No, i dolcificanti non serviranno a farti dimagrire

No, i dolcificanti non serviranno a farti dimagrire

Fonte immagine: iStock

Uno studio mette in discussione i benefici dei dolcificanti non a base di zucchero che potrebbero essere addirittura nocivi e inutili per perdere peso.

L’industria mondiale è da anni sottoposta alle pressioni per tagliare lo zucchero nei prodotti di larga distribuzione, dalle bevande alle merendine. Così lo sostituisce con dolcificanti artificiali o naturali di vario tipo, dall’aspartame alla stevia. Eppure queste sostanze a basse calorie e spesso frutto di lavorazioni anch’esse industriali in sostanza servono a poco o nulla in termini di peso, senza contare che non c’è alcuna certezza sulla loro sicurezza (ma neanche, va detto, sui rischi eventualmente connessi al consumo).

Lo spiega una nuova indagine promossa dalla non profit britannica Cochrane come contributo alla prossima pubblicazione di linee guida dell’Organizzazione mondiale della sanità sui dolcificanti non a base di zucchero (gli “nss, non-sugar sweeteners”): “Non abbiamo alcuna evidenza di benefici per la salute dagli nss e addirittura non possiamo escludere potenziali pericoli” si legge nello studio pubblicato sul British Medical Journal e di cui dà conto il Guardian, che ovviamente rimanda a successive e più approfondite indagini.

La battaglia è molto più sentita in altri Paesi, anche europei, piuttosto che in Italia, dove pure il tema del taglio degli zuccheri nei prodotti di uso quotidiano ha assunto ed è rimasto lungamente faccenda da “lifestyle”, da tendenza e non da salute, faticando a far breccia per le sue ragioni di prevenzione a obesità e disturbi cardiovascolari.
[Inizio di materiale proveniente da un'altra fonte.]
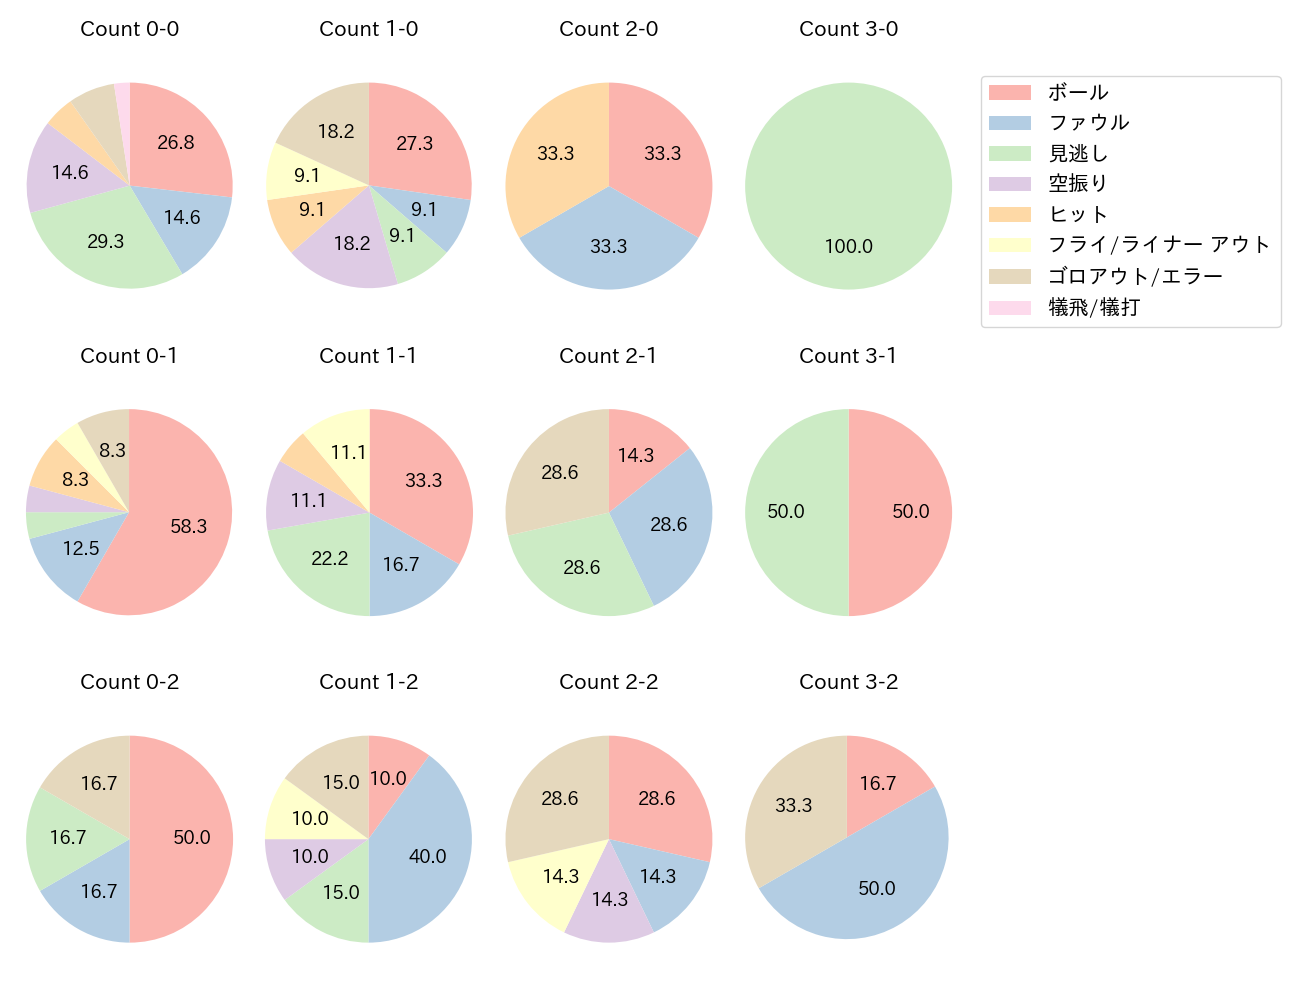 太田 賢吾の球数分布(2022年5月)

L’Oms sfornerà presto delle linee guida in merito poiché “l’uso dei dolcificanti è esploso e queste soluzioni continuano a essere promosse come alternative salutari allo zucchero”.

L’indagine ha a sua volta messo sotto la lente 56 altri studi, alcuni di portata limitata ma comunque significativi, che valutavano di volta in volta una serie di indicatori (peso, glicemia, salute orale, tassi di incidenza del cancro, patologie cardiovascolari, problemi al fegato, umore e benefici) di adulti e bambini che usavano elevate dose di dolcificanti al posto di piccole dosi di prodotto o di nessuna.

Il dibattito rimane dunque aperto. Per molti esperti, infatti, mancano evidenze chiare di effetti collaterali e in fondo meglio usare i dolcificanti dello zucchero. Insomma, tutto sommato si tratta di un metodo per alleggerire una serie di prodotti e bevande apprezzatissimi in particolare dai più giovani, limitando i danni di un’obesità che in Italia è a livelli drammatici. Il nostro paese sfoggia infatti il maggior tasso di obesità infantile tra i maschi (21%, a pari merito con Cipro) mentre il 42% dei maschi è obeso o in sovrappeso (solo Cipro fa peggio con il 43%). Le bambine italiane hanno inoltre uno dei tassi più alti di obesità e sovrappeso, salito al 38%.

Per altri esperti, invece, un eventuale “piccolo effetto sul peso” di quelle alternative non può essere confermato da questa indagine, occorrerebbero studi su periodi molto più ampi. Il che, al momento, renderebbe il ricorso ad aspartame, stevia & co del tutto inutile. Così la pensa per esempio Joerg J. Meerpohl, condirettore di Cochrane Germany nonché uno degli autori. Un dato è certo: i risultati dell’indagine confermano che i dolcificanti artificiali non sono la bacchetta magica per prevenire l’obesità.